Hopefully, you’ll find that the weirdness is apt, after all, even beautiful in an other-worldly way. This music didn't emerge from my usual ‘neck of the woods.’ It’s not what you’ve come to expect from your dear old Uncle Rick, but it might intrigue you.

Here's the poem:

Wanderers by Walter de la Mare

Wide are the meadows of night,
And daisies are shining there,
Tossing their lovely dews,
Lustrous and fair;

And through these sweet fields go,
Wanderers ‘mid the stars --
Venus, Mercury, Neptune,
Saturn, Jupiter, Mars.

Attired in their silver, they move,
And circling, they whisper and say,
Fair are the blossoming meads of delight
Through which we stray.

To hear the rich, dark mezzo voice of Susan Olson singing “Wanderers,” from my cycle “Silvery Songs” for mezzo, flute and piano, click on the link above.

To see a PDF of the score, click on the link above.

🎶 🎶 🎶 🎶 🎶

Most mornings, I rise very early, often at 5:30. I take my cup of coffee with me on a little tour around our lovely home, seeing it with fresh eyes. During the warmer seasons, I do the same in the garden. At that hour, only a few sleepy bird calls are heard. Looking up through the branches of the mighty old pines at the far edge of our garden, the stars, glowing brightly, almost seem to be floating among the pine boughs like fire flies or silver fish in a dark pond, beyond my reach, to be sure, but seemingly only about a few dozen feet away.

Have you seen Sirius at that hour, blazing away, low on the southeastern horizon? It’s a sight to behold.

Have you seen those mind-distending images provided us by the Webb telescope?

The stars, the distant galaxies, how shall we respond to them?

R.L. Stevenson wrote:

“All we can do is to stand down here in the garden and take off our hats and let the star-shine light upon our heads. That is all we shall ever have to do with the stars.”

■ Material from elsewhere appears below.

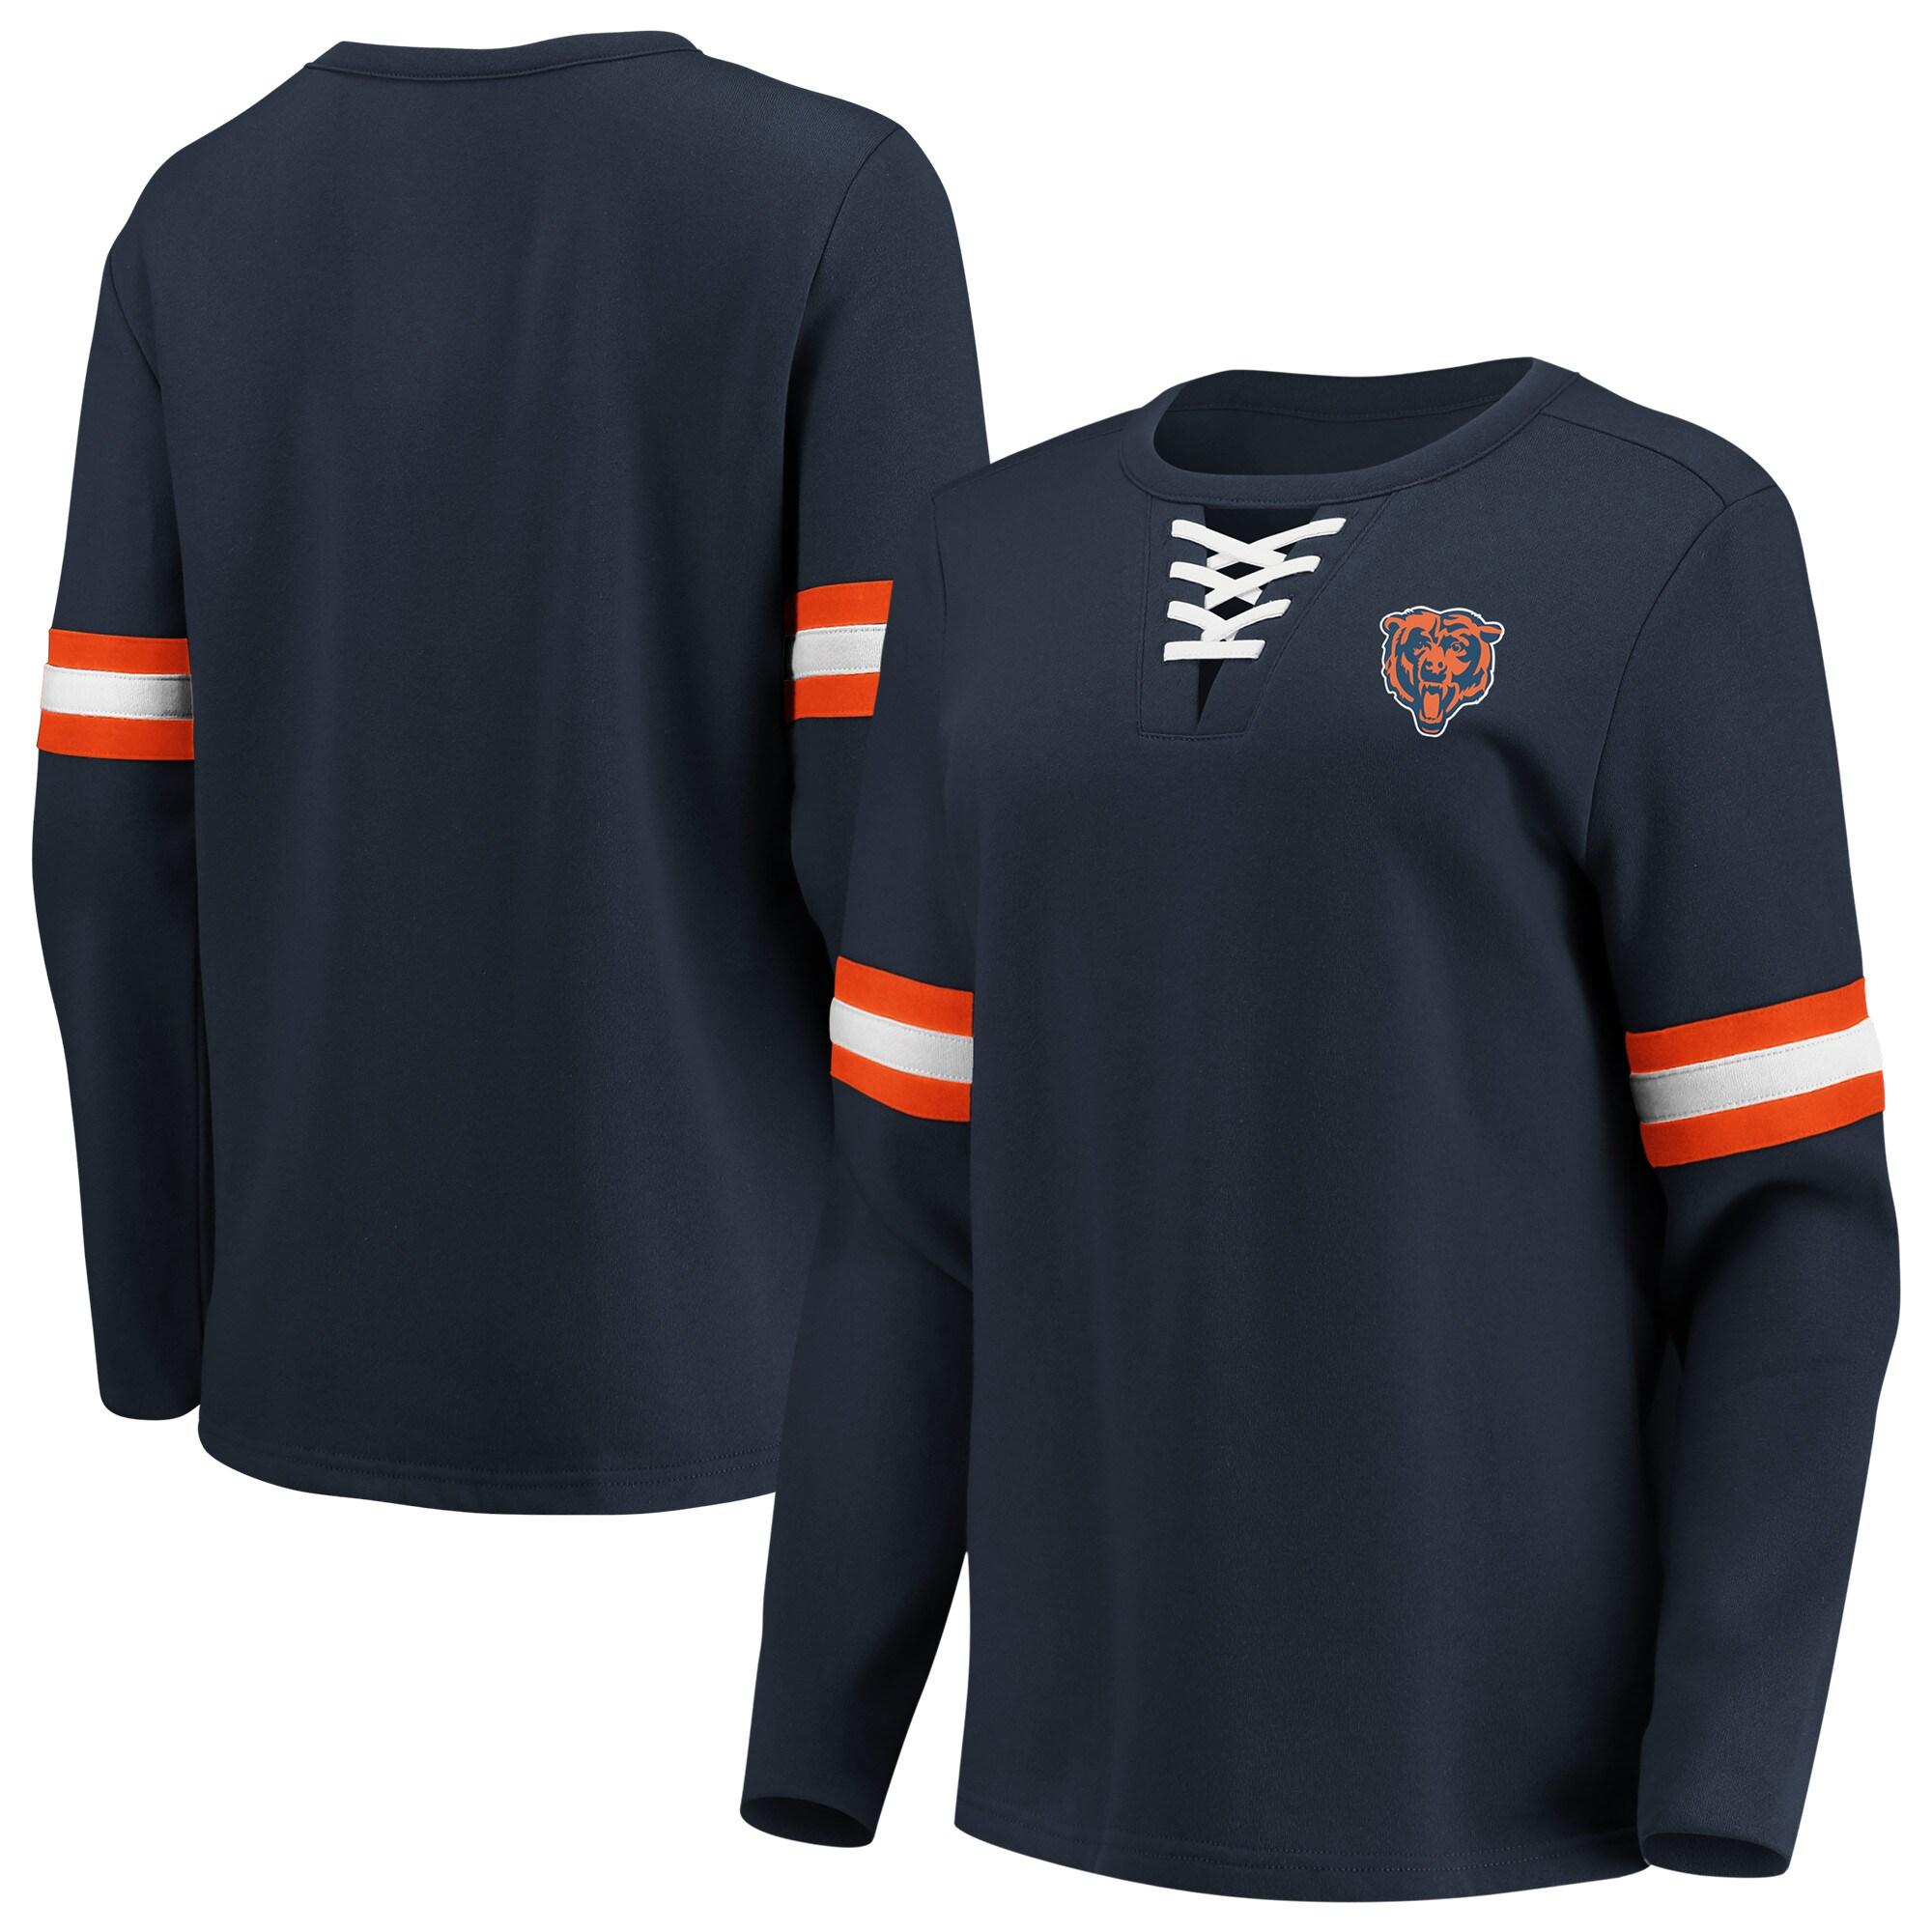 Chicago Bears Fanatics Branded Women's Lead Draft Lace-Up Pullover Fleece Sweatshirt - Navy

Ah, but Mr. Stevenson, there is one other thing we can do as regards the stars. We can do what you did, following your example. We can “let the star-shine light upon” our art -- our prose, our poetry, our music. We can respond to the stars by fashioning an artifice -- a poem or a song -- that tries to express the emotions awakened in us by the stars.

Setting to music Walter de la Mare’s strange, chilly, distant, beautiful poem, “Wanderers”, striving to make the words and the music “describe each other,” I tried to conceive melodies and harmonies that would feel comparately beautiful, distant, chilly and strange.

To do that, I had to foray out of my musical ‘comfort zone,’ skirting the edge of the dark forest that lies beyond the usual chord progressions, the ones close to the tonic, close to home. I had to enter the zone where tonal centers are elusive and ambiguous.

The music I devised for De La Mare’s poem is not so avant garde as to be meaningless, absurd. The chords are triadic. It’s just that the triads are distant from one another on the Circle of Fifths just as we are distant from those far away galaxies.

The stars have almost no meaning for us. They simply “are.” I tried to fashion music that would express how we feel, reacting to that stark truth.

What if you were setting [the verses above] to music? What melodies and harmonies would seem right to you?

Hopefully, you’ll find that the gentle weirdness of my music is apt for in a setting of this poem … perhaps even beautiful in a strange, other-worldly way, like the Webb telescope’s photos of distant galaxies.

It would be fun to hear the vocal part of this song played on a theremin.